By Ana V. Ibáñez Prieto - Apr 09,2018 - Last updated at Apr 09,2018

Despite being relatively small in comparison with other countries, car ownership in Jordan is expected to witness a great increase in upcoming years (Photo by Osama Aqarbeh)

AMMAN — Car ownership in Jordan is expected to witness a significant increase in the upcoming years, a research paper issued by the Jordan Strategy Forum (JSF) said on Saturday. 

Based on information available from EuroStat, the study showed that, during the period from 2009 to 2016, Jordan came second regionally in terms of the annual growth rate in the number of owned vehicles, which stood at 6.54 per cent, right after Turkey. 

Despite the sustained growth, the number of owned cars in Jordan still appeared small when compared to the ratio per capita, with one vehicle for every five persons. 

The JSF research paper determined that “if the Jordanian experience in the near future reflects what has happened in countries such as Finland, Germany, France or even Slovakia, one can only predict the number of owned vehicles per capita to increase in Jordan”, adding that “the growth might be even faster given the lack of good public transportation in the Kingdom”.

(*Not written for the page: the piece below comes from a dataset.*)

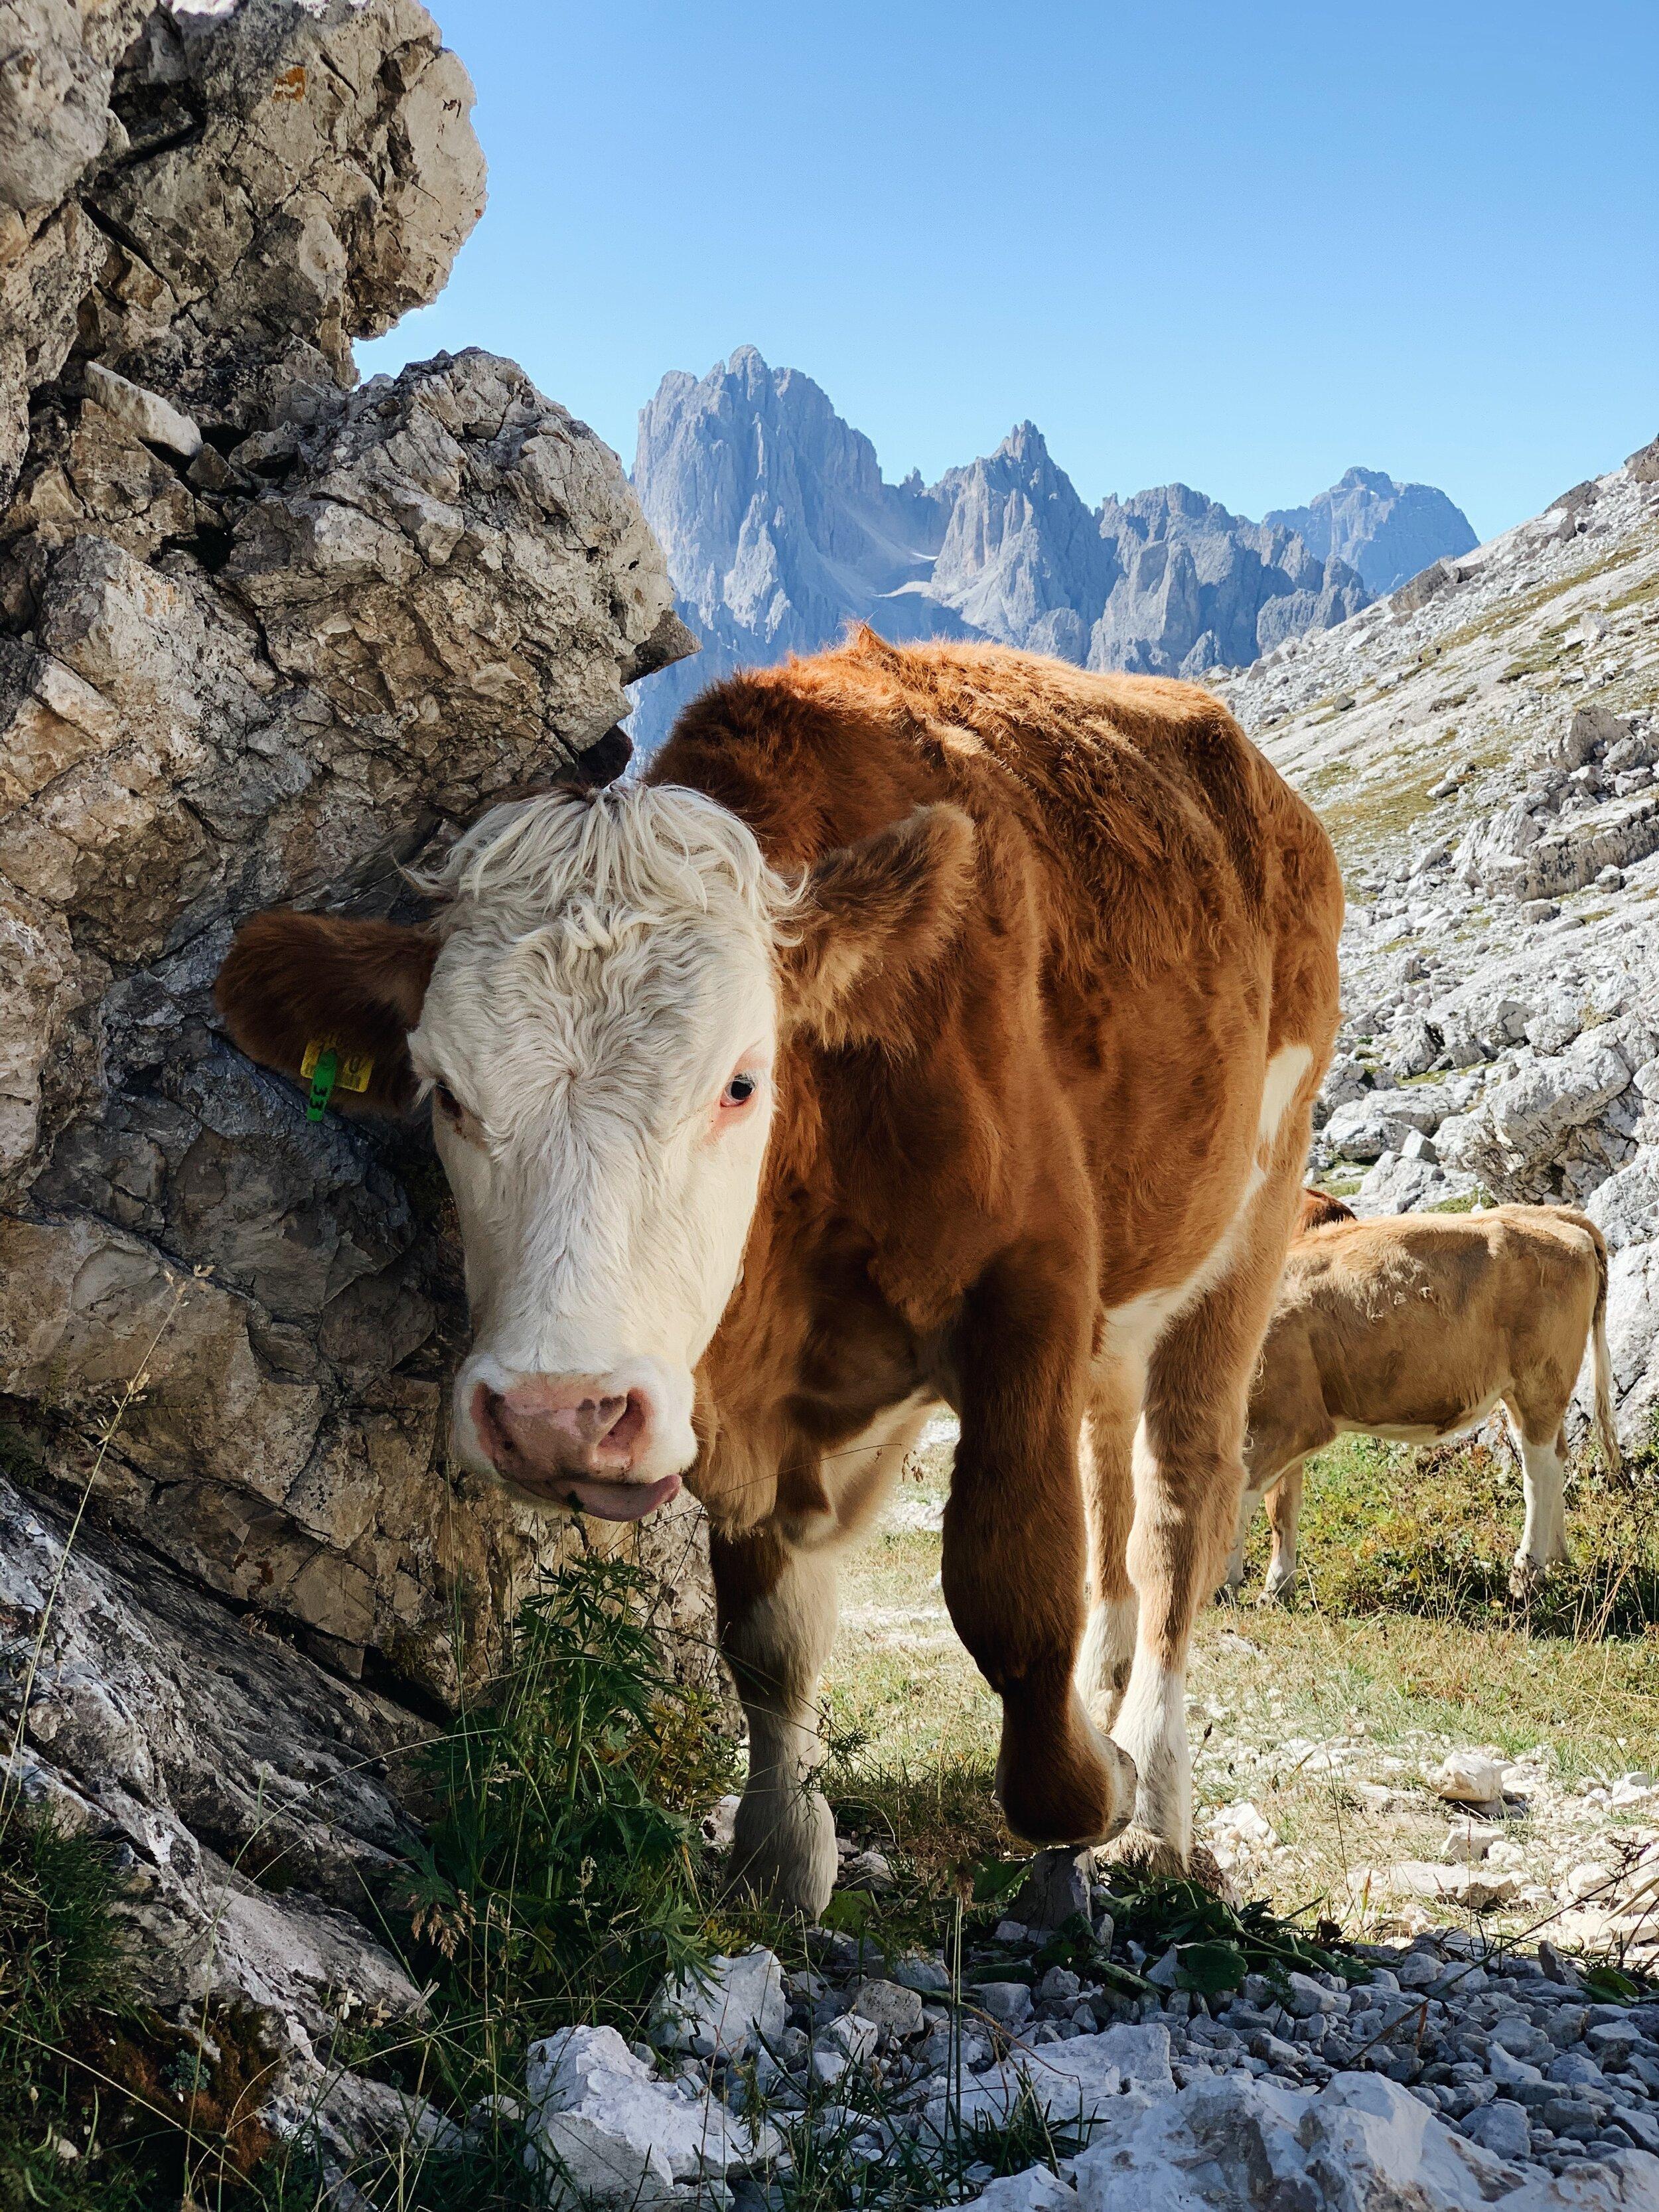 Cow friend.
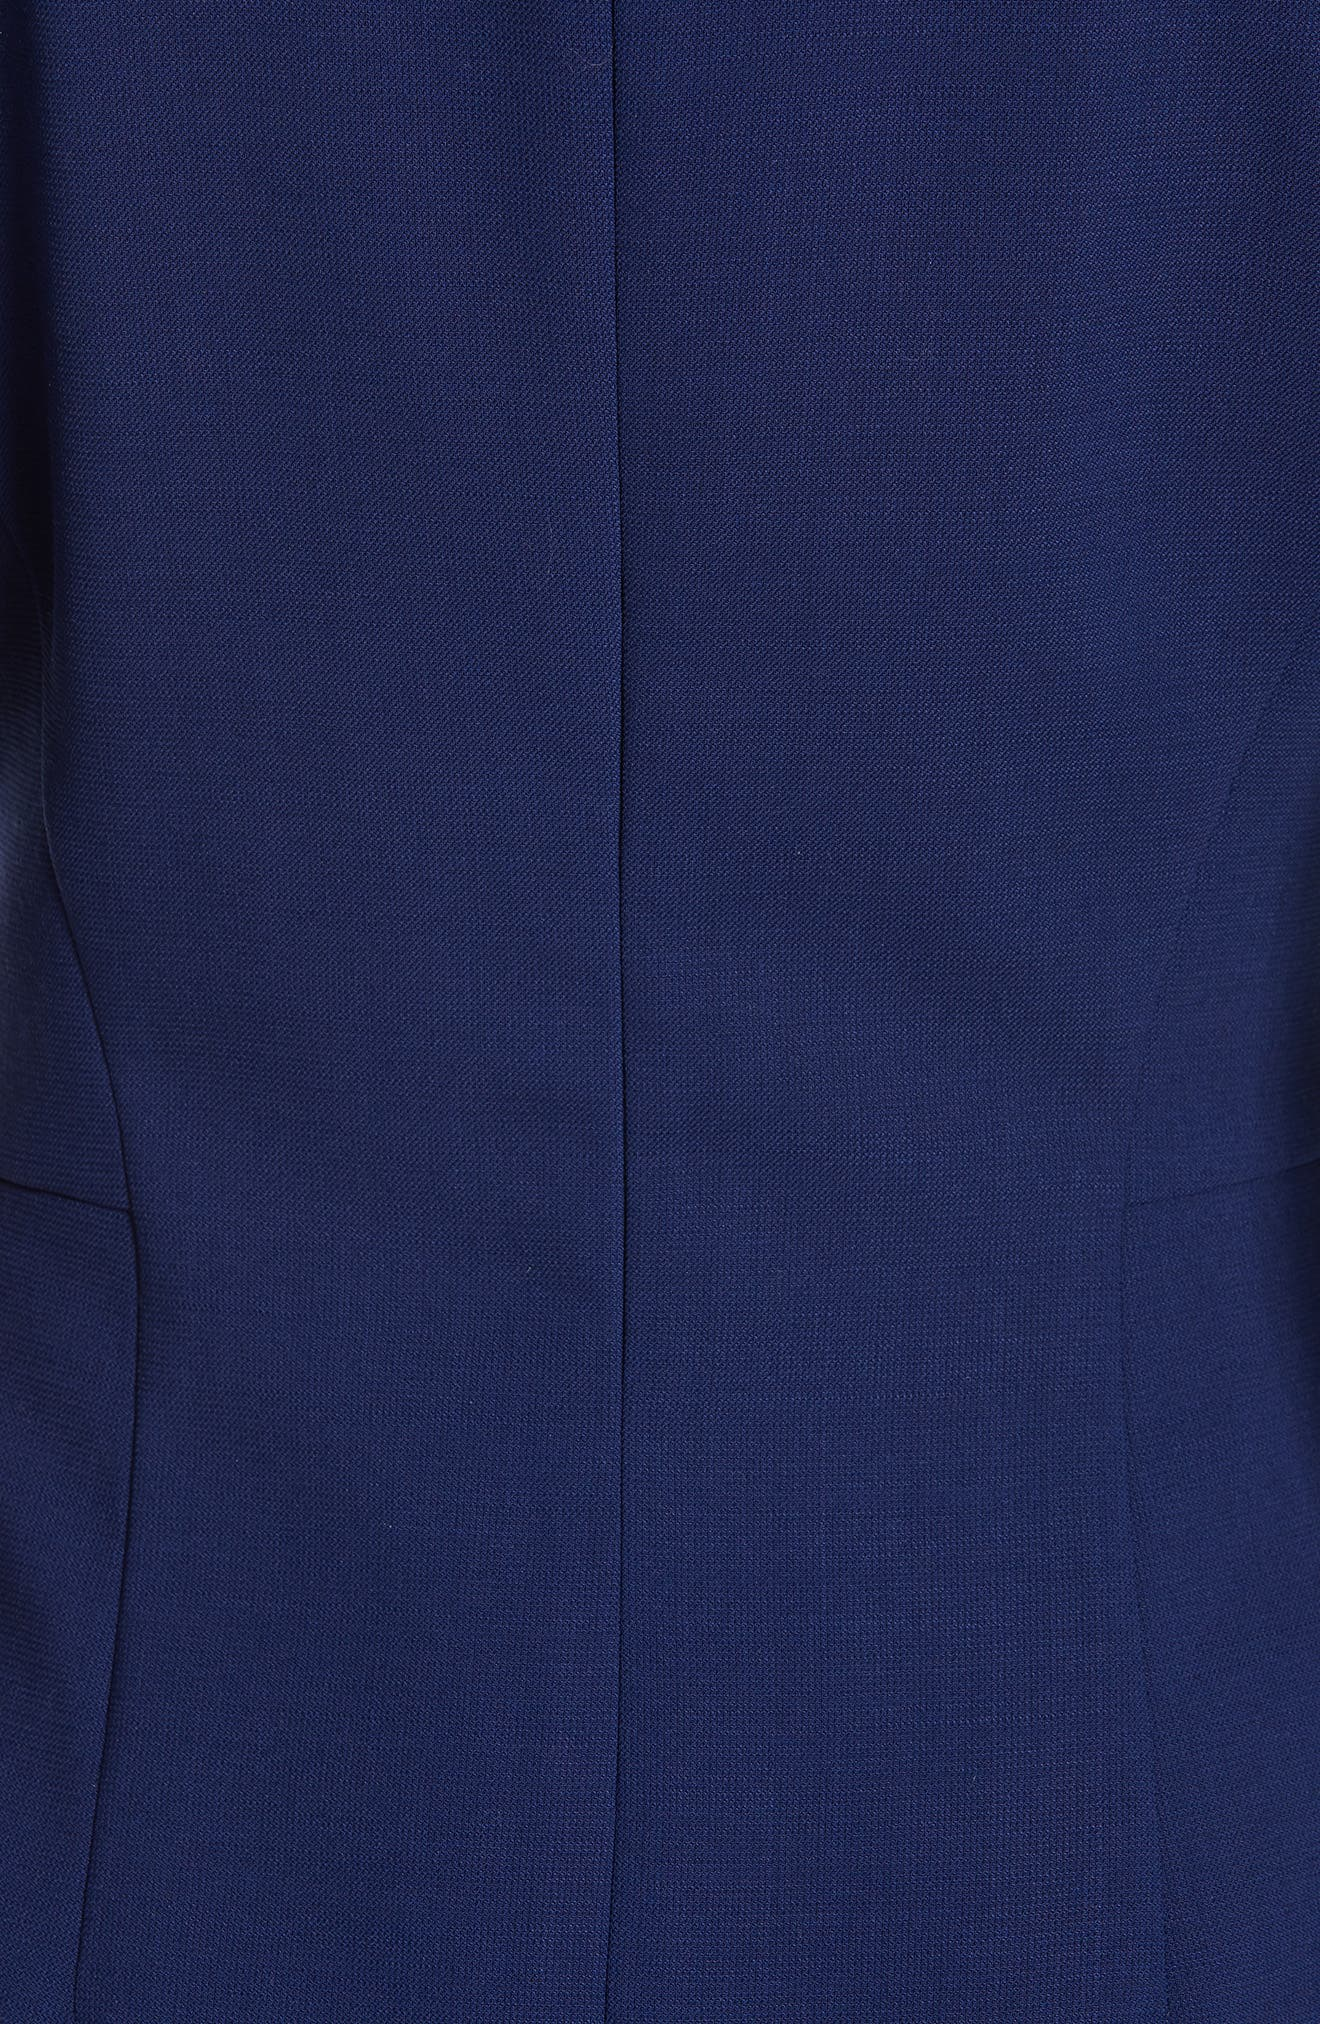 Danufa Stretch Wool Sheath Dress,                             Alternate thumbnail 6, color,                             INK BLUE

Founder of the public transportation advocacy campaign Maan Nasel, Hazem Zureiqat said: “It is not surprising that car ownership has been on the rise in Jordan, as the lack of an effective, reliable public transport system leaves very few mobility options for people,” stressing that “most find themselves forced into buying a car in order to gain access to employment or to be able to get to their university classes on time — and this comes at a hefty price to the individual, the household, the environment and the economy as a whole”.

“Curbing car ownership and use requires a paradigm shift in the way we plan for transport,” Zureiqat told The Jordan Times, adding that “we need a system that is more balanced and multimodal, providing people with viable options that are reliable and affordable”.

For his part, economist Wajdi Makhamreh said: “The unorganised transport scheme and the inability of the government to install a top notch transport system made many Jordanians prefer to own a car,” stressing that “this has made the traffic in Amman unbearable and costly”.

The JSF paper pointed out that “all stakeholders must realise the critical importance of investing sufficiently and efficiently in our infrastructure in general, and in our road network in particular”, adding that “the fact that more than half of the Jordanians live in Amman makes this argument much more critical”.

A previous report by the World Bank assessing the quality of roads in 140 countries highlighted a deterioration of the roads across the Kingdom, with a score falling from 4.85 in 2006 to 3.87 in 2015. 

“Again, this reinforces the importance of investing sufficiently and efficiently in our road network,” the JSF said pointed out, predicting that investments would minimise the existing traffic jams and improve the quality of public transport in general.

Makhamreh stressed the need for “a huge project for roads’ maintenance”, calling for an investment fund from the government and aiding countries “to focus on roads and implementing systems that is feasible for Amman and other cities within Jordan”.